In accordance with the primary prerequisites for evaluating the RFIP system in an outdoor environment [22], several important factors were taken into account during field data collection. Firstly, a mainly sunny day was chosen with a temperature of 4 °C, wind speed of 14 km/h NW, and a maximum wind gust of 30 km/h. Secondly, a large, 7.5-foot, summer outdoor umbrella and a small rain umbrella were used to maintain and mitigate the effects of clouds over the plant.
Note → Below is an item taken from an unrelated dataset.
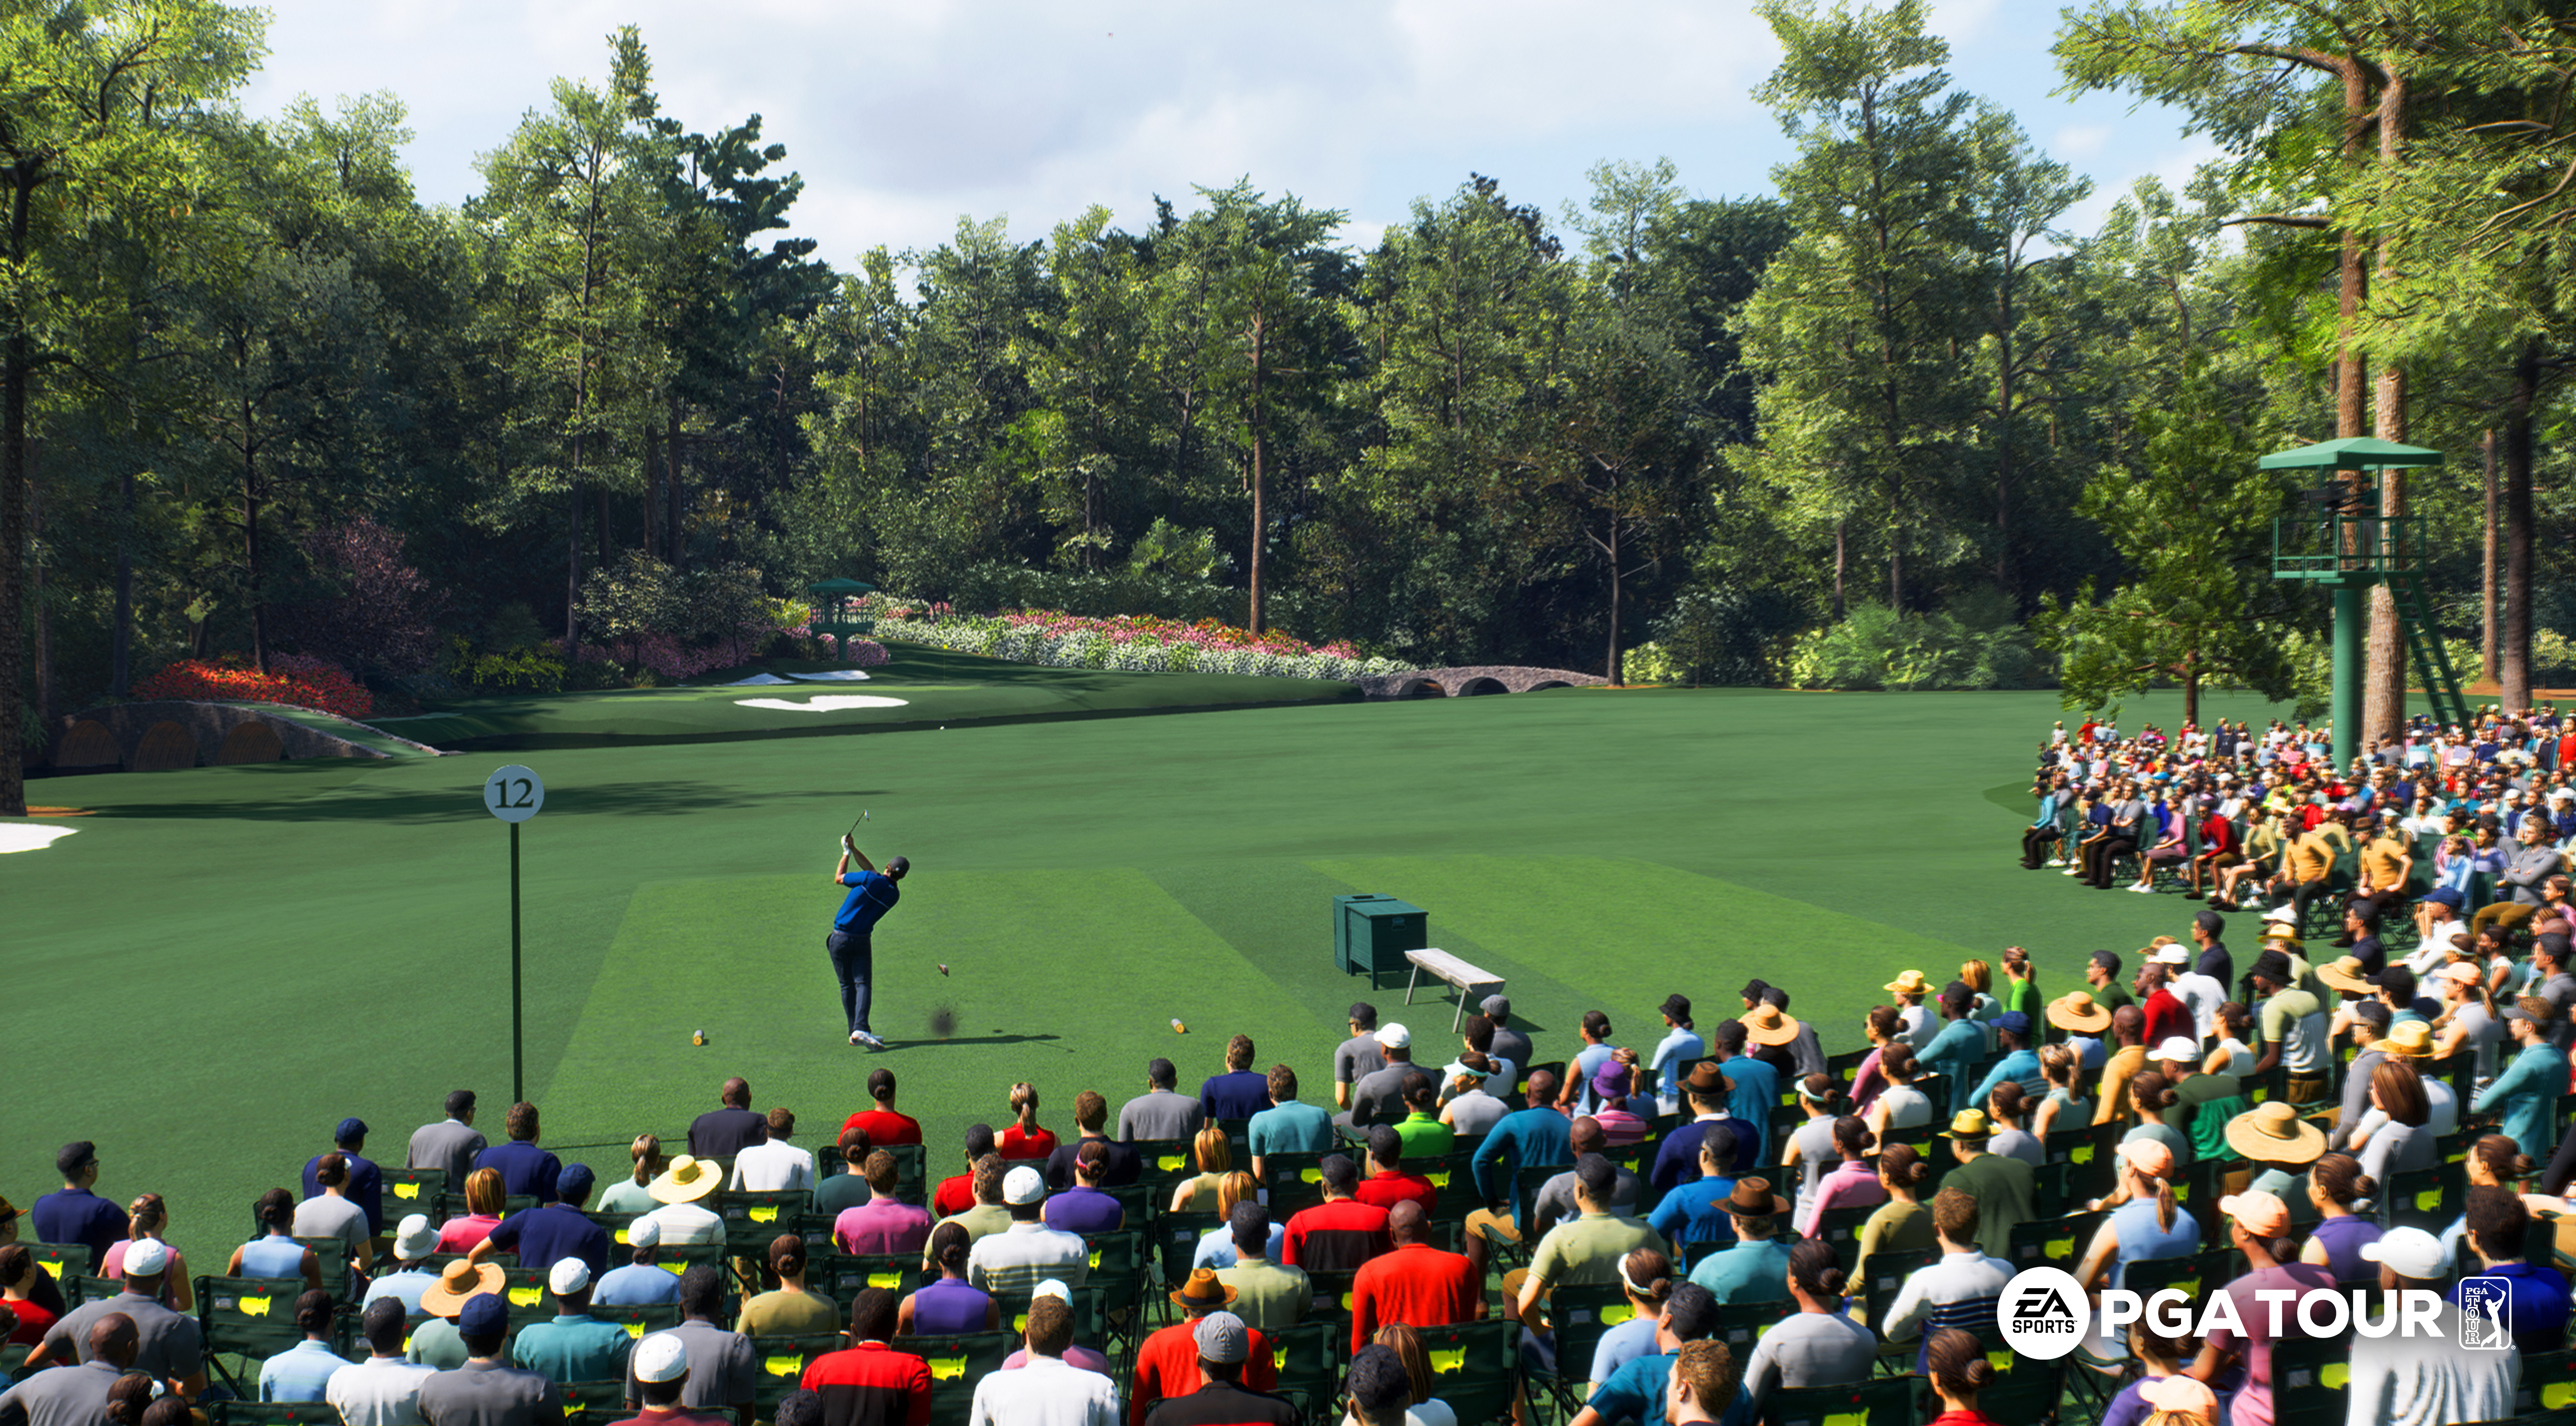 a screenshot from EA Sports PGA Tour of hole 12 at Augusta National, seen from the crowd: a golfer launches his drive at a par-3 green in the distance

However, some unavoidable challenges during the field experiment could impact precise data collection, such as the wind’s effect on plant leaves, the shadowing of leaves on plants with multiple leaves, the color shadow effect from the umbrella, and the significant influence of ambient sunlight and clouds in the open field. Despite these challenges, maintaining a consistent experimental setup improved the system’s performance, as the same real-time crop growth monitoring setup remained stationary while recording the data.

In addition, the RFIP system demonstrated better performance in the outdoor evaluation (99.56% correlation) than in the real crop field evaluation (95.66% correlation) [22]. This difference may be attributed to the reduced impact of wind, the more pronounced shadow over the ground ROI, and the greater number of replications for each object (10 samples per object for outdoor evaluation and 7 samples per object for field evaluation). The RTK-GPS accuracy was precise enough to locate the field data points on the real-time Google map. Although the RFIP system did not show superior performance in real-time crop growth monitoring, it remains useful in assisting the decision support system by providing an accurate ground truth map to farmers for on-the-spot farm management decisions.

5. Conclusions

This study aimed to address the current limitations of high-resolution imagery and to achieve GPS data accuracy of better than 1 m for budget-friendly, real-time monitoring of crop growth and/or germination PA applications. Here, we demonstrated the RFIP system’s significant potential by applying it in field conditions. When validated, the RFIP system achieved a 95.66% correlation with the reference data during field testing. The proposed system has the ability to overcome the challenges in agricultural imaging associated with computational complexity, image resolution, time, and cost involved in deploying photographic technology, thereby providing real-time actionable insights for field management in smart agriculture.

This proposed system primarily focused on the development and initial evaluation of real-time crop monitoring with enhanced accuracy using cost-effective technology. However, the project faced several constraints that impacted its implementation and data collection process. The RFIP system’s automatic exposure control limitations required scheduling field data collection during specific weather conditions and using an umbrella to maintain consistent lighting. Additionally, the RTK GPS required several minutes to achieve the crucial FIXED mode for accurate positioning, potentially delaying data collection. Weight and cost constraints also prevented the use of a high-quality DSLR camera, leading to the adoption of a web camera as an alternative reference system. While this camera correlated with DSLR performance in [22], it introduced some compromises in image quality.

In the future, we aim to develop an advanced automatic exposure control system for the RFIP system that can adapt to varying weather conditions, reducing reliance on specific environmental factors. We will also investigate methods to reduce RTK GPS initialization time and improve stability in FIXED mode. Additionally, we plan to integrate the system with other mobile platforms, such as unmanned ground and aerial vehicles, for real-time crop health monitoring, yield assessment, and crop disease detection.